Marcelo Nilo mira Wagner e expõe contradições da base governista

Ex-deputado usa redes sociais, áudios e declarações de adversários para questionar discurso de renovação e incendiar a disputa pelo Senado na Bahia

O ex-deputado federal Marcelo Nilo (Republicanos) voltou a subir o tom contra seus adversários políticos e, mais uma vez, usou suas redes sociais como principal palco de embate. Em publicações semanais, Nilo tem traduzido, segundo ele próprio, “o verdadeiro pensamento dos opositores”, recorrendo não apenas a suas análises, mas também a áudios e imagens dos próprios integrantes da base governista. A estratégia faz parte de sua movimentação na pré-campanha ao Senado Federal, onde busca se apresentar como uma alternativa crítica ao que chama de incoerências do grupo que hoje comanda o Estado.

Em uma de suas mais recentes postagens, Marcelo Nilo ironizou declarações do senador Jaques Wagner (PT), que defende a renovação política ao mesmo tempo em que busca a reeleição. “O senador Jaques Wagner tem umas frases interessantes. Ele defende a renovação, mas quer ser candidato à reeleição com quase 75 anos. Aí surge a pergunta de um questionador no ar: é candidato? E ele responde: ‘candidatíssimo’”. Em seguida, ele ampliou a crítica ao citar o presidente Lula: “No dia da eleição, Lula terá 81 anos. Ou seja, defendem renovação para os outros, mas para eles mesmos tem que continuar. Não tem coerência”.
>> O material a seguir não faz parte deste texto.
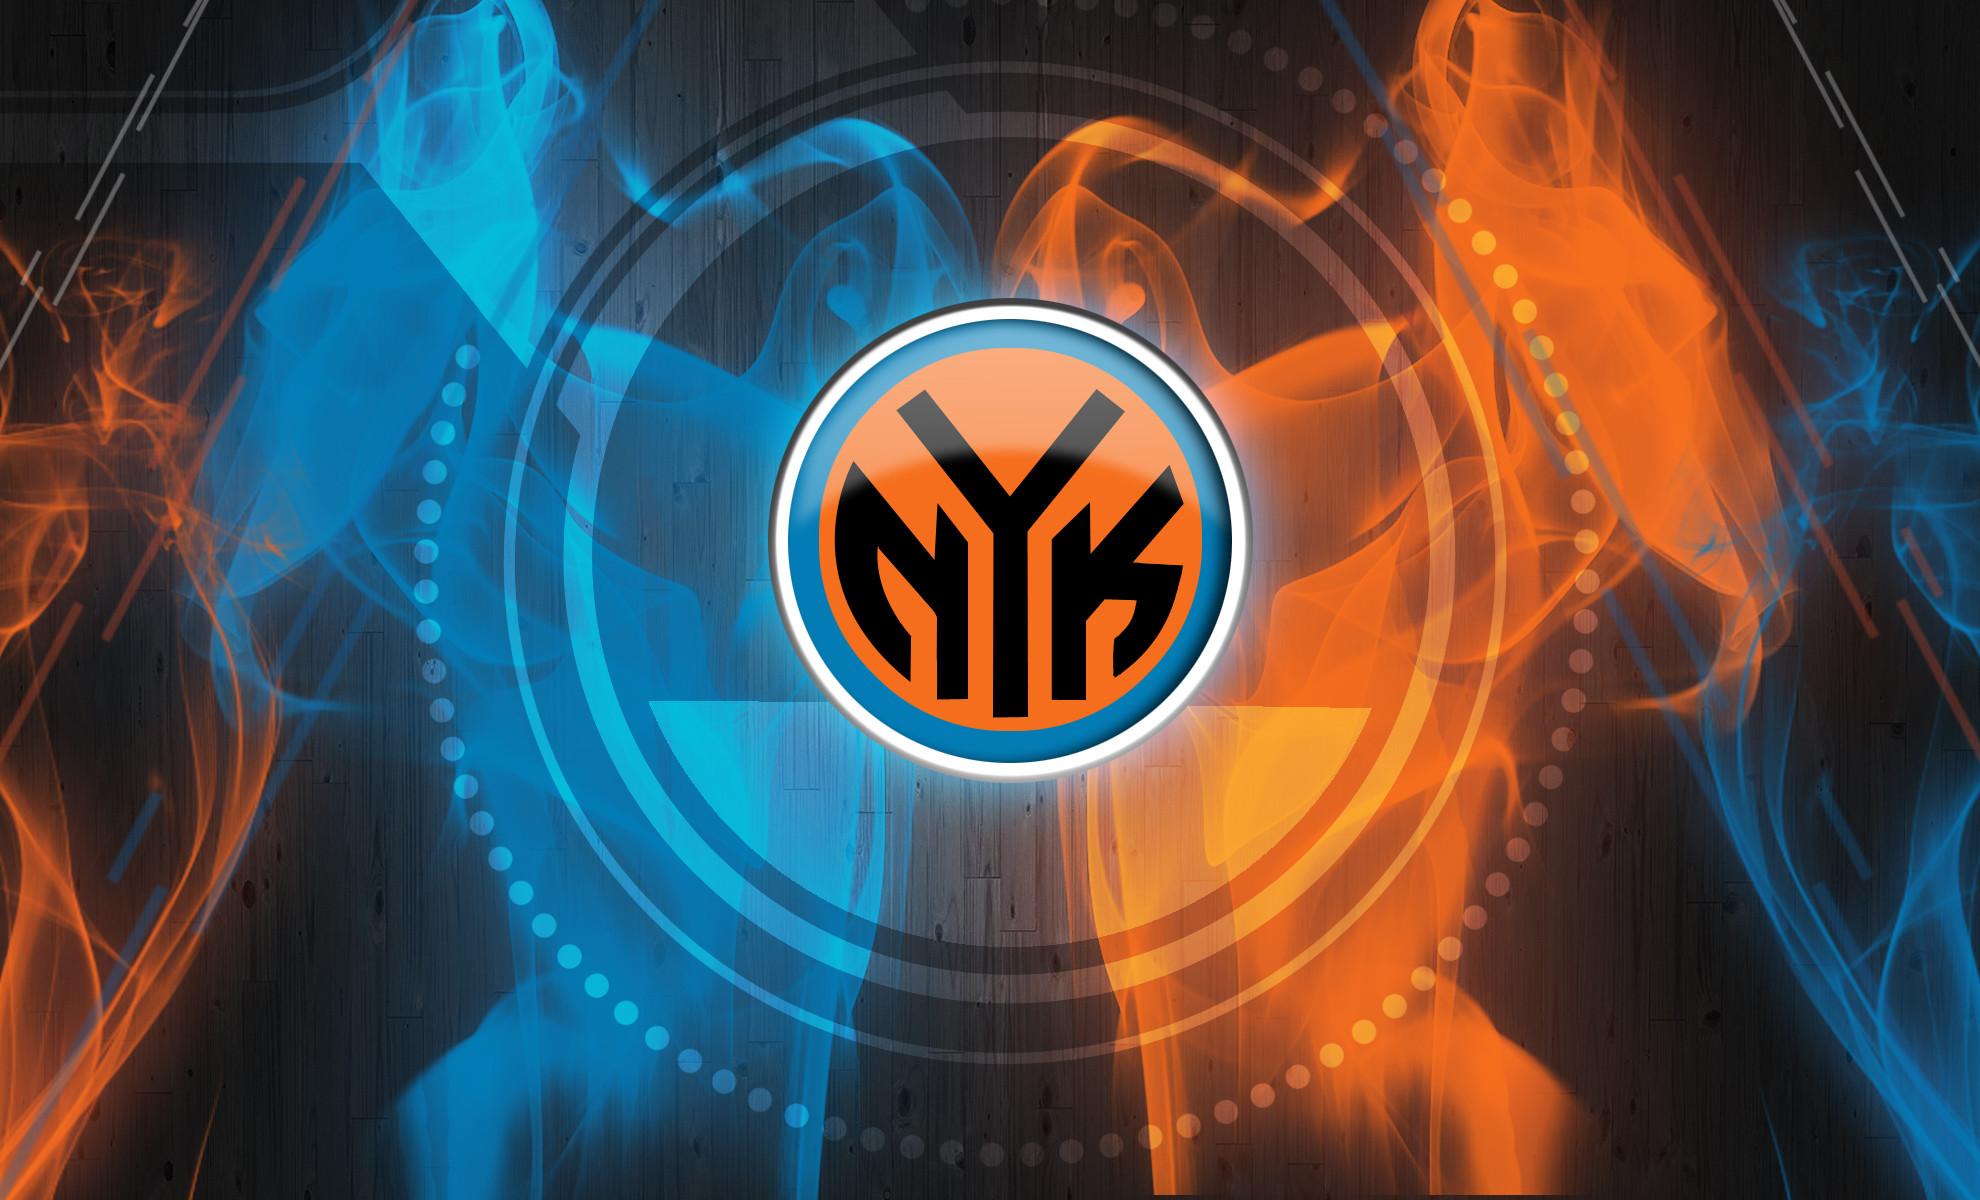 NY Knicks Wallpaper or Screensavers
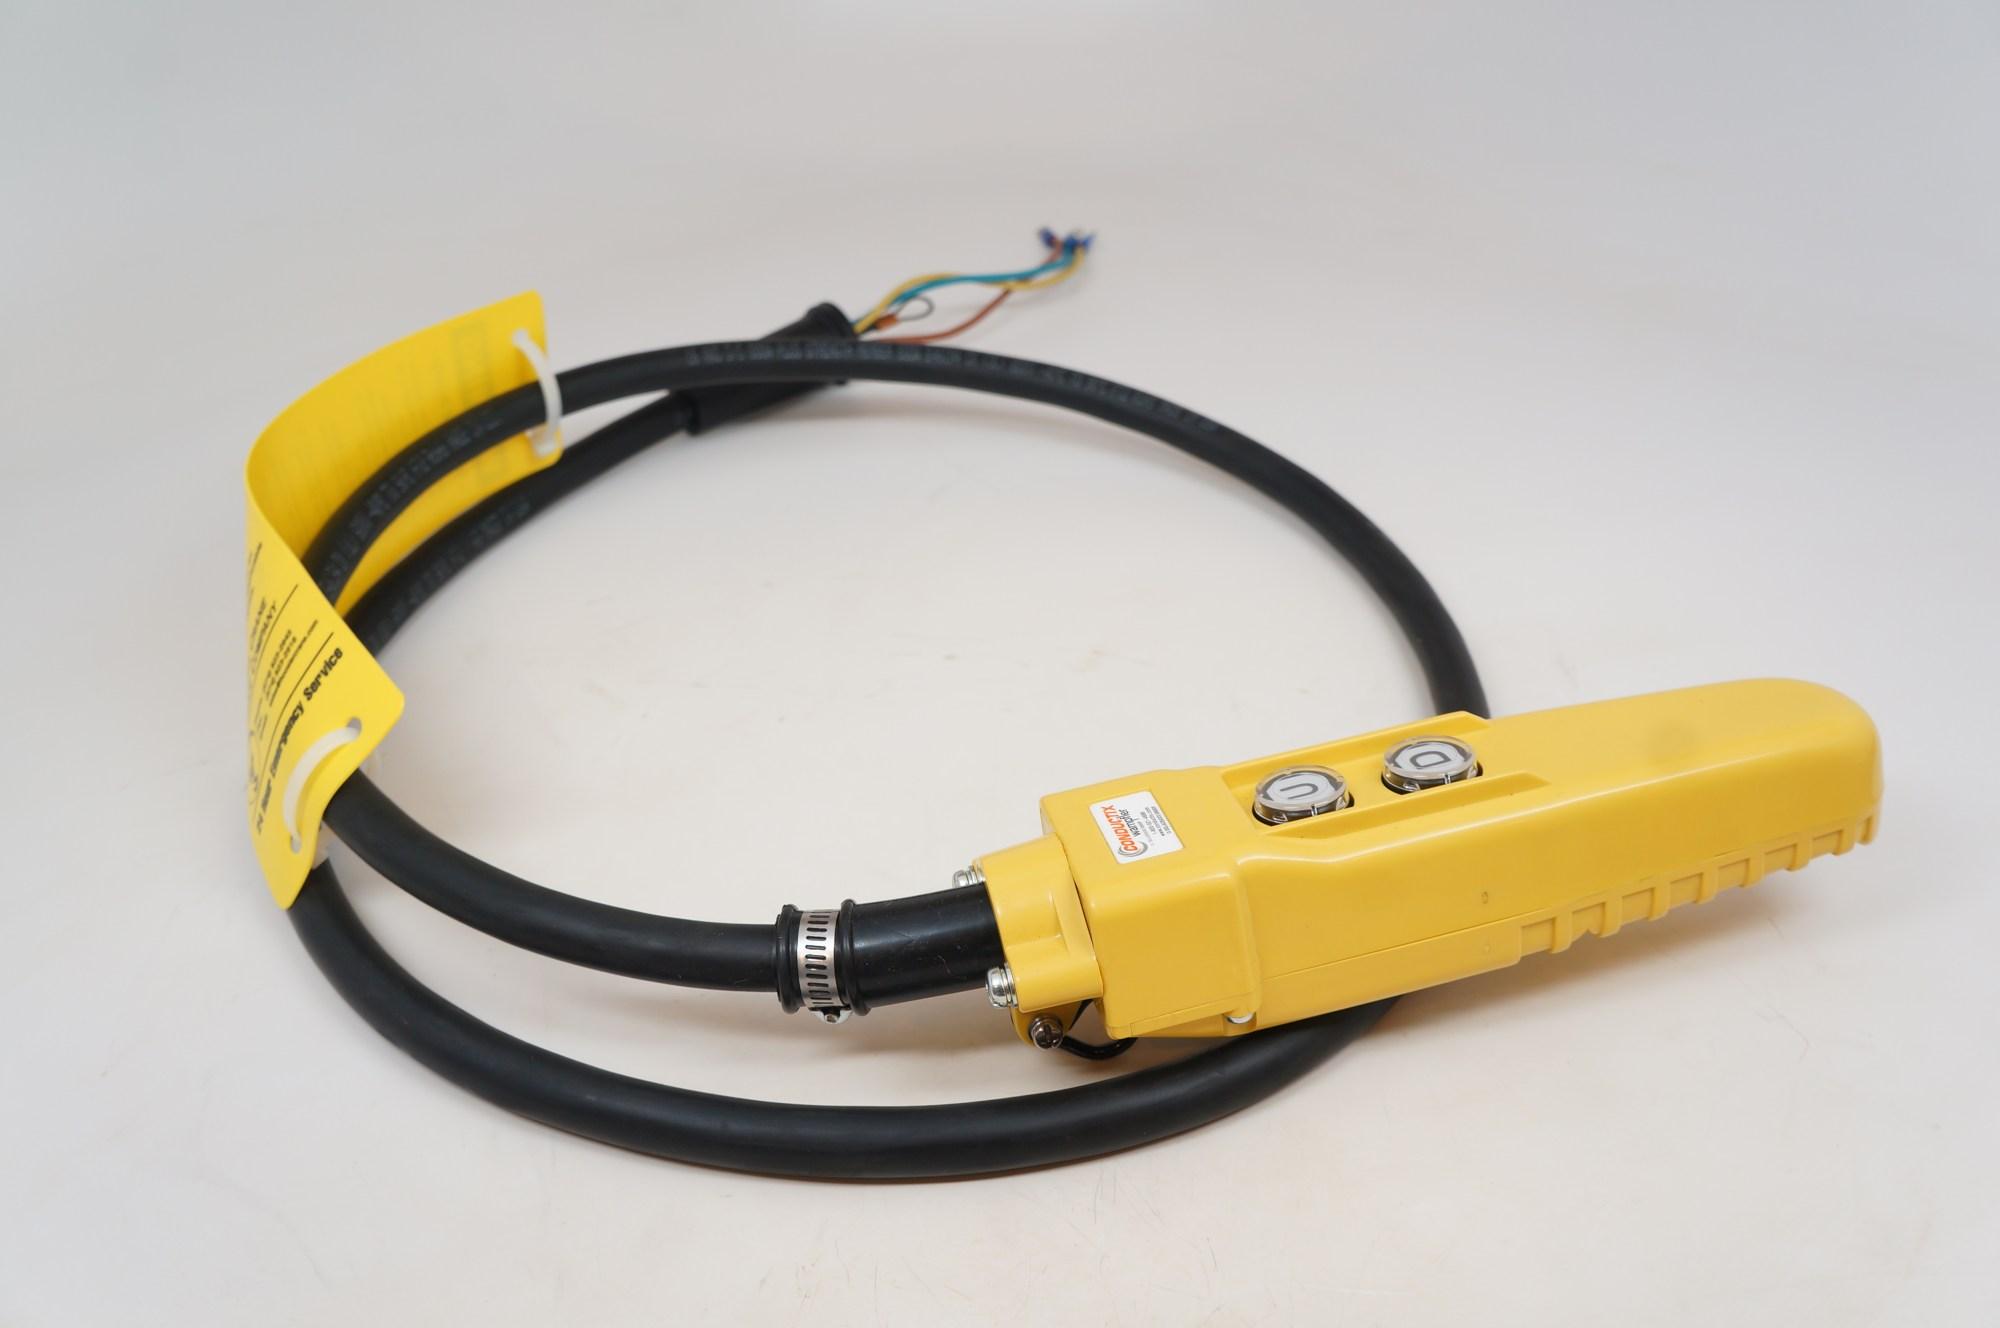 hight resolution of 6 ft pendant control station for cm chain hoist 6 cord jibcranes com 1 jib crane supplier

O ex-deputado também explorou o debate sobre a reeleição, lembrando que Wagner já classificou o direito de disputar um novo mandato como “sagrado”. “Se você tem direito à reeleição, você deve ser candidato. Então escreva embaixo: ‘sou candidato à reeleição para o Senado para continuar servindo a Bahia e o Brasil a partir de 2027’”, ironizou, ao comentar a disputa interna na base governista. Segundo ele, hoje há três nomes para apenas duas vagas: “Eu, Coronel e Rui Costa. O pessoal chama de chapa puro-sangue. Eu digo que não é puro-sangue, é puro-governador, porque são dois ex-governadores e um governador tentando a reeleição”.

Nesse ambiente de tensão, a fala do senador Angelo Coronel (PSD) também ganhou destaque nas postagens de Nilo, ao revelar o grau de insatisfação do partido com o PT. “Se o PT quiser lançar outros nomes, isso é um problema do PT. Só que o PSD, se não tiver garantido o seu espaço, não vai ficar com o PT. Então vamos migrar. Ou com a oposição, ou sair numa carreira solo. Ou seja, uma candidatura independente”, declarou Coronel. Para Marcelo Nilo, esse tipo de posicionamento confirma que a base governista vive um momento de disputa aberta, no qual, como ocorreu com Lídice da Mata em 2018, “cabeças podem ser cortadas” para acomodar interesses, deixando claro que a corrida pelo Senado promete ser uma das mais conflituosas do cenário político baiano.